#### Data segment:
------------------------------------

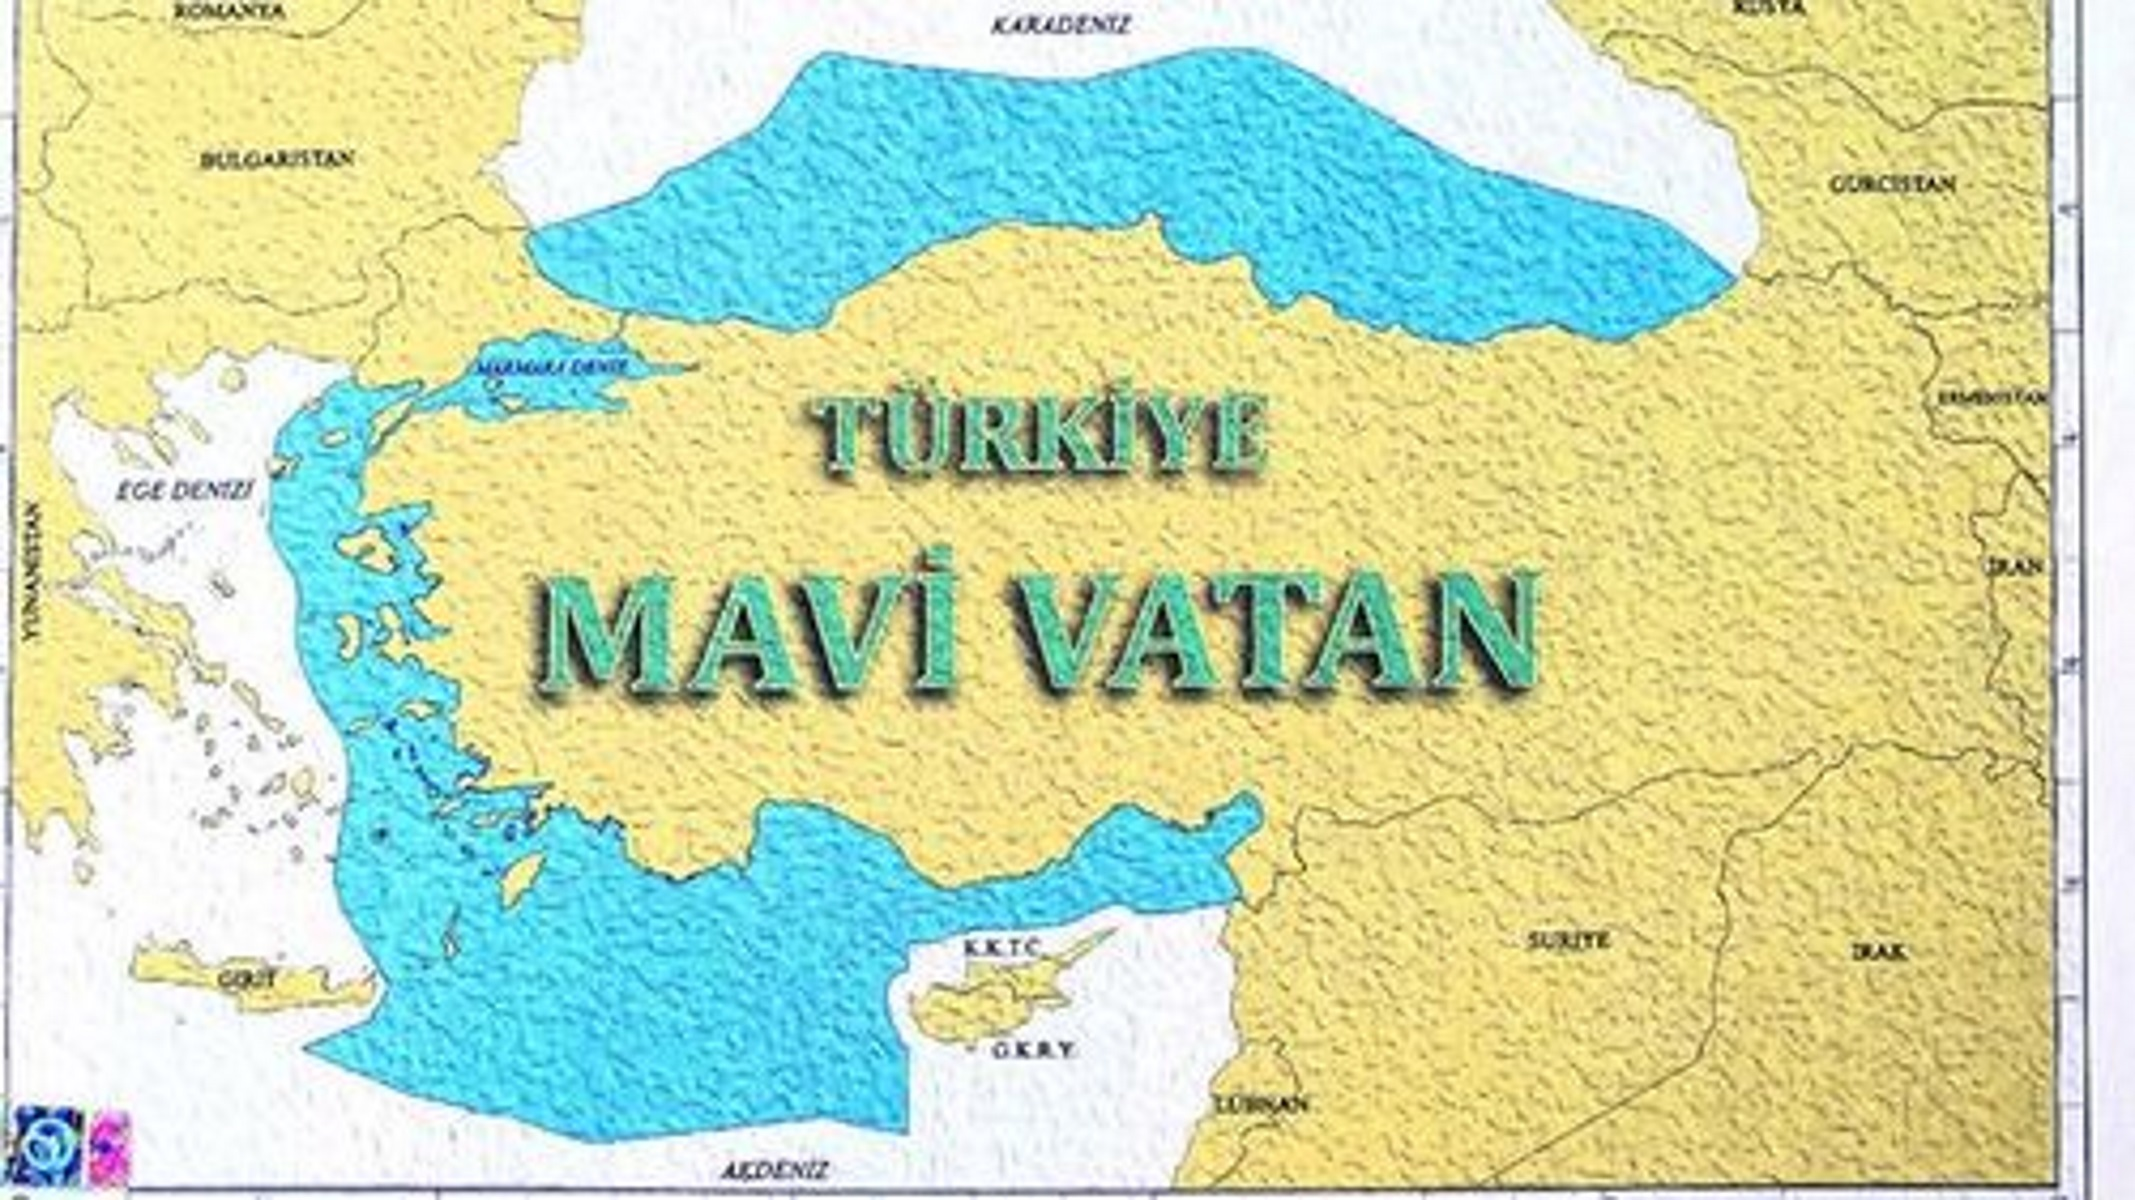 """Νέα πρόκληση της Τουρκίας! Στον ΟΗΕ συντεταγμένες για την """"Γαλάζια Πατρίδα"""" - """"Εξαφανίζει"""" ελληνική ΑΟΖ και υφαλοκρηπίδα"""
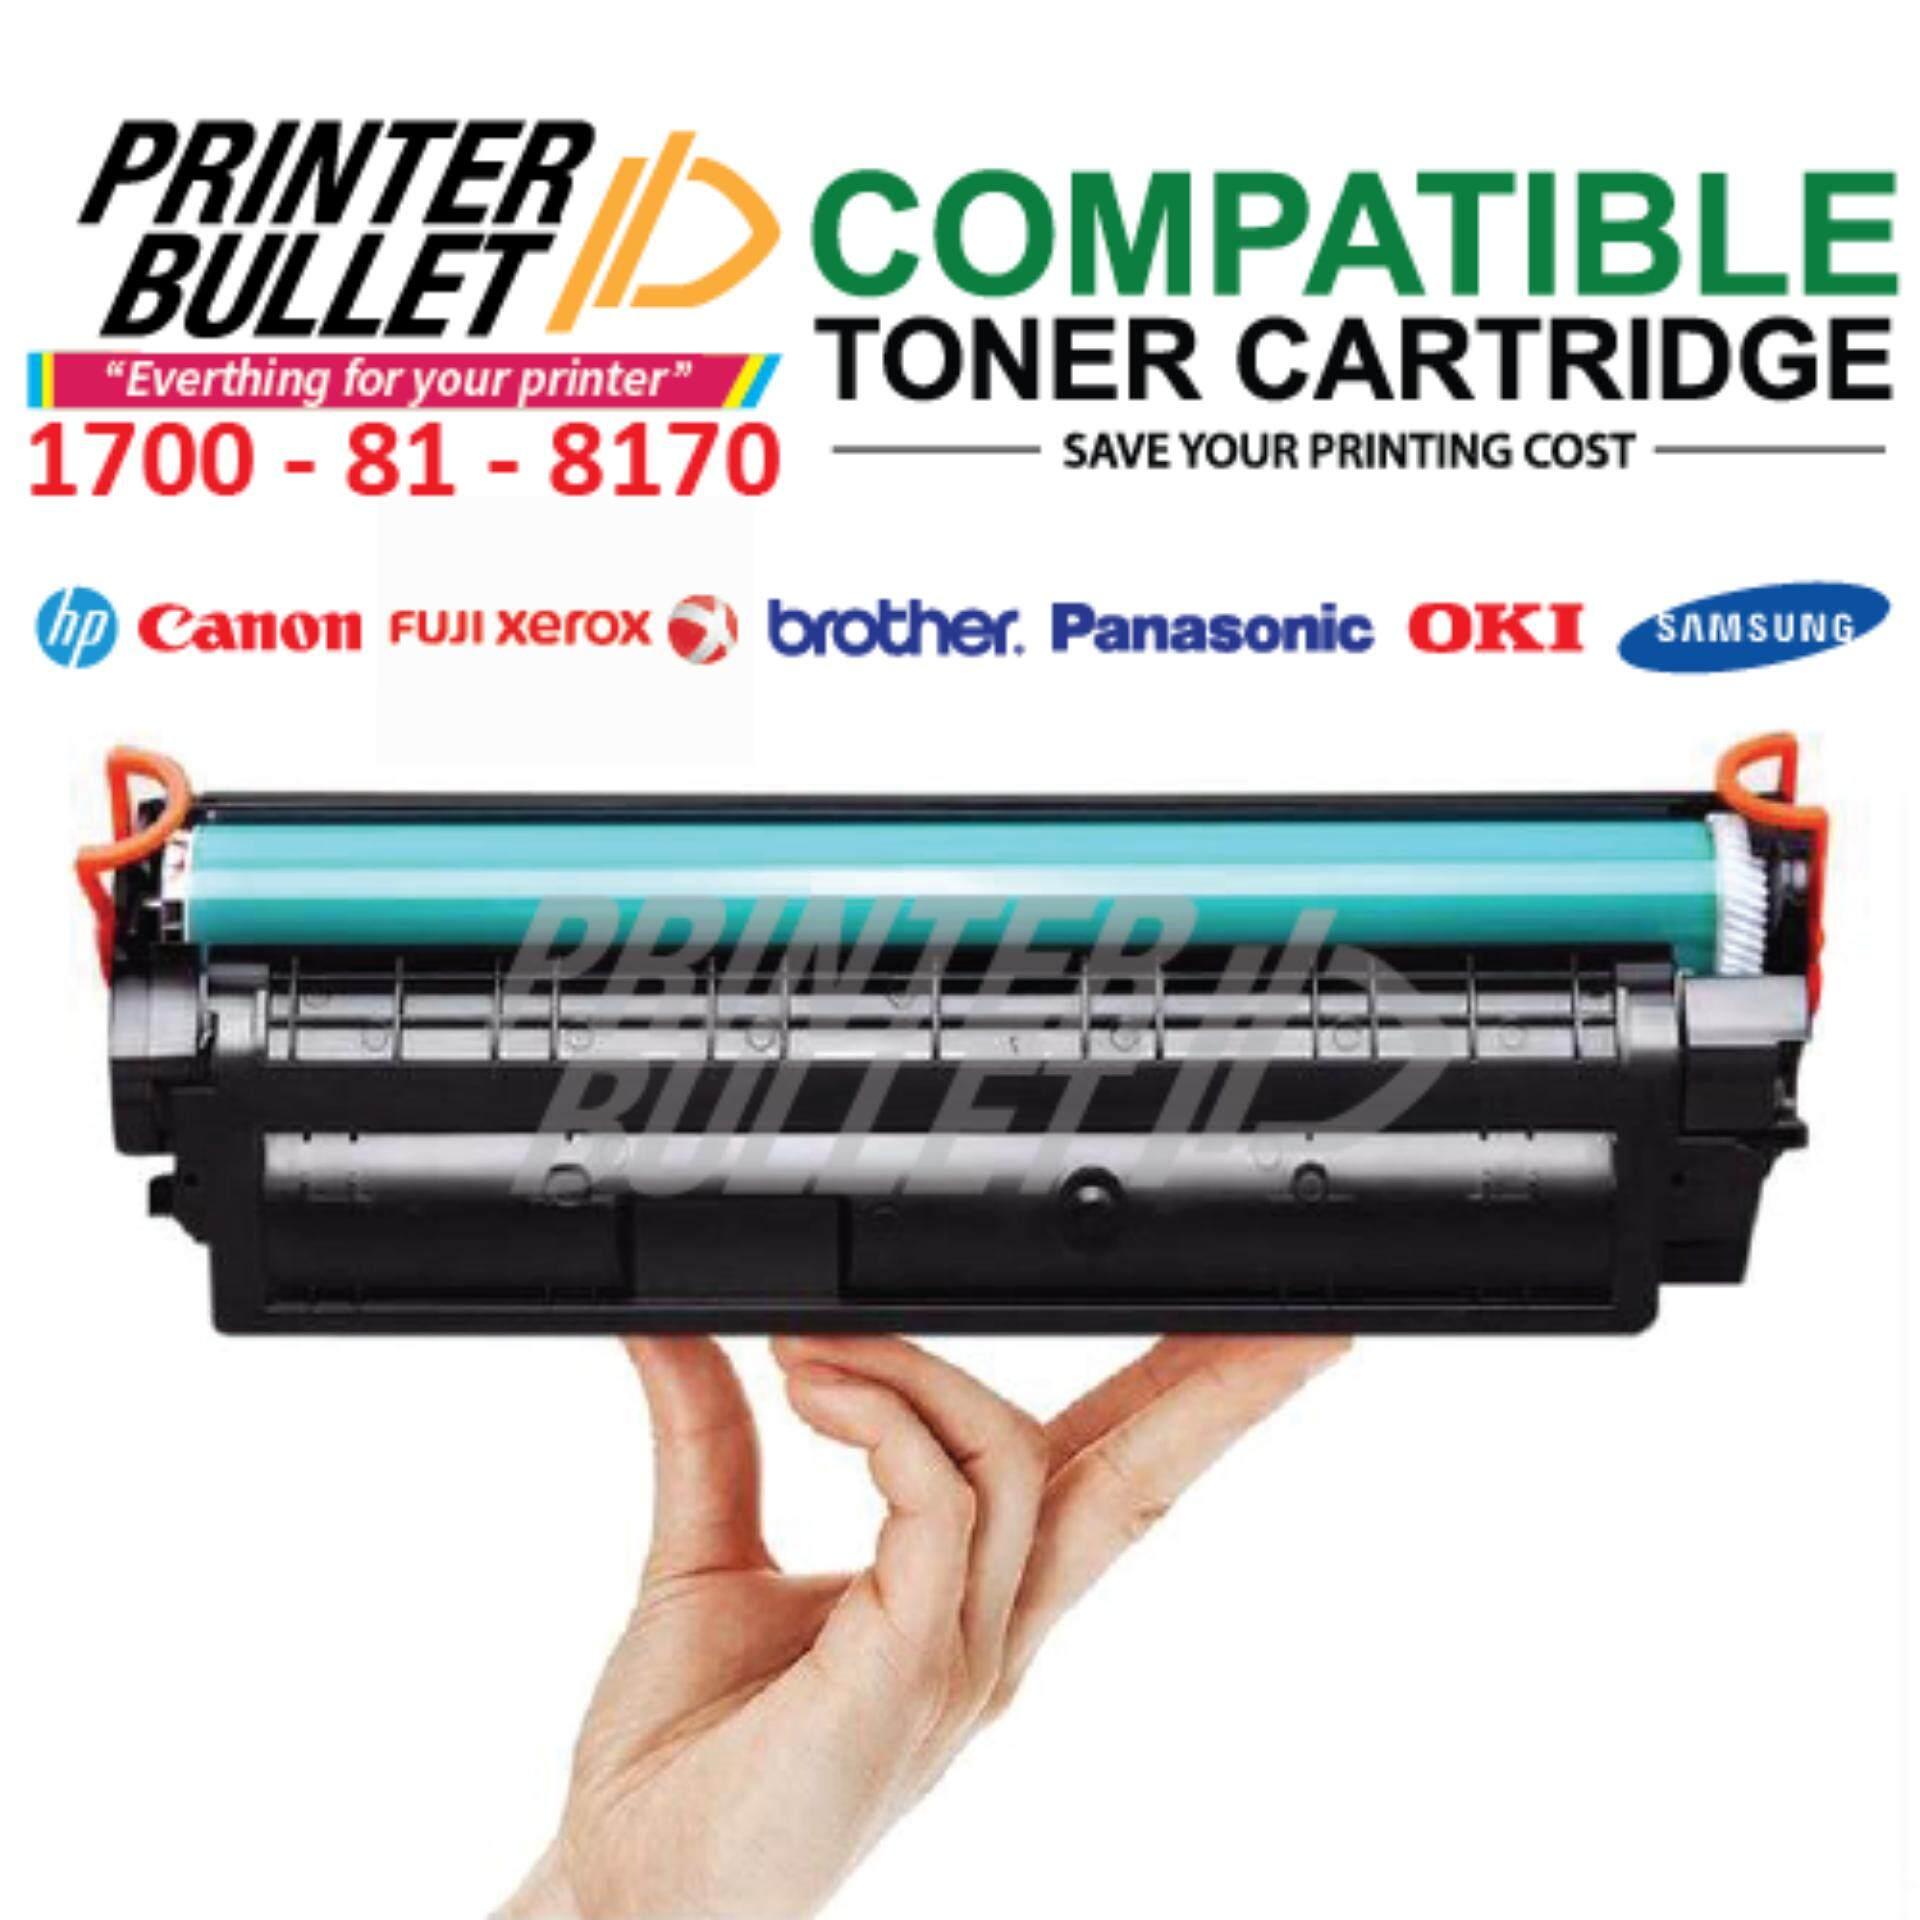 2 unit Dell B1160 / B1160w / B1163 / B1163w / B1165 / B1165nfw Compatible Laser Toner Cartridge
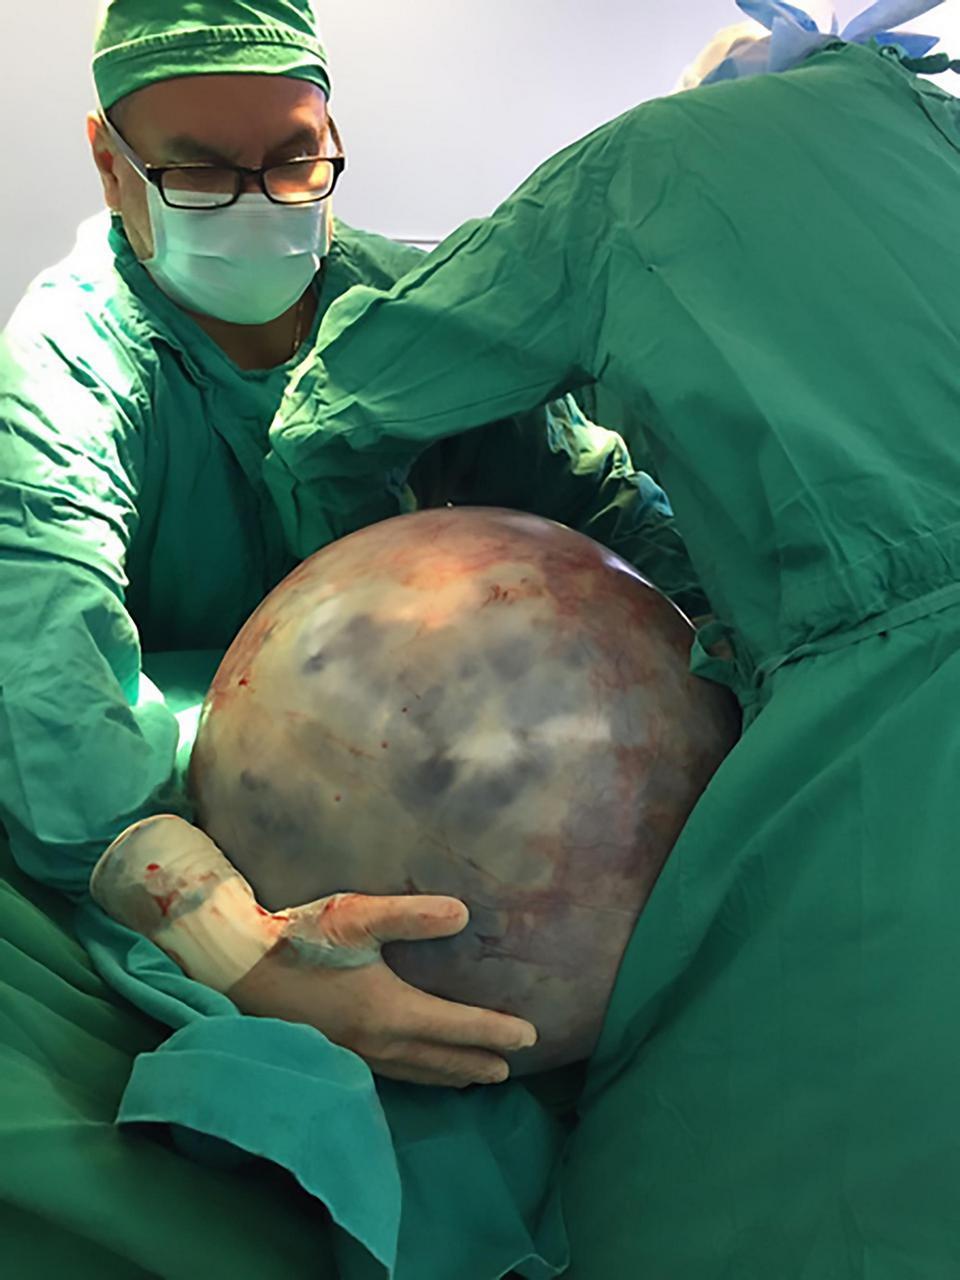 Из пожилой женщины вырезали опухоль весом 32 кг, которую она вынашивала восемь лет

------------------------------------

Return the listing unchanged except for the pictures, which should be dropped.

 """Νέα πρόκληση της Τουρκίας! Στον ΟΗΕ συντεταγμένες για την """"Γαλάζια Πατρίδα"""" - """"Εξαφανίζει"""" ελληνική ΑΟΖ και υφαλοκρηπίδα"""
 2 unit Dell B1160 / B1160w / B1163 / B1163w / B1165 / B1165nfw Compatible Laser Toner Cartridge
 Из пожилой женщины вырезали опухоль весом 32 кг, которую она вынашивала восемь лет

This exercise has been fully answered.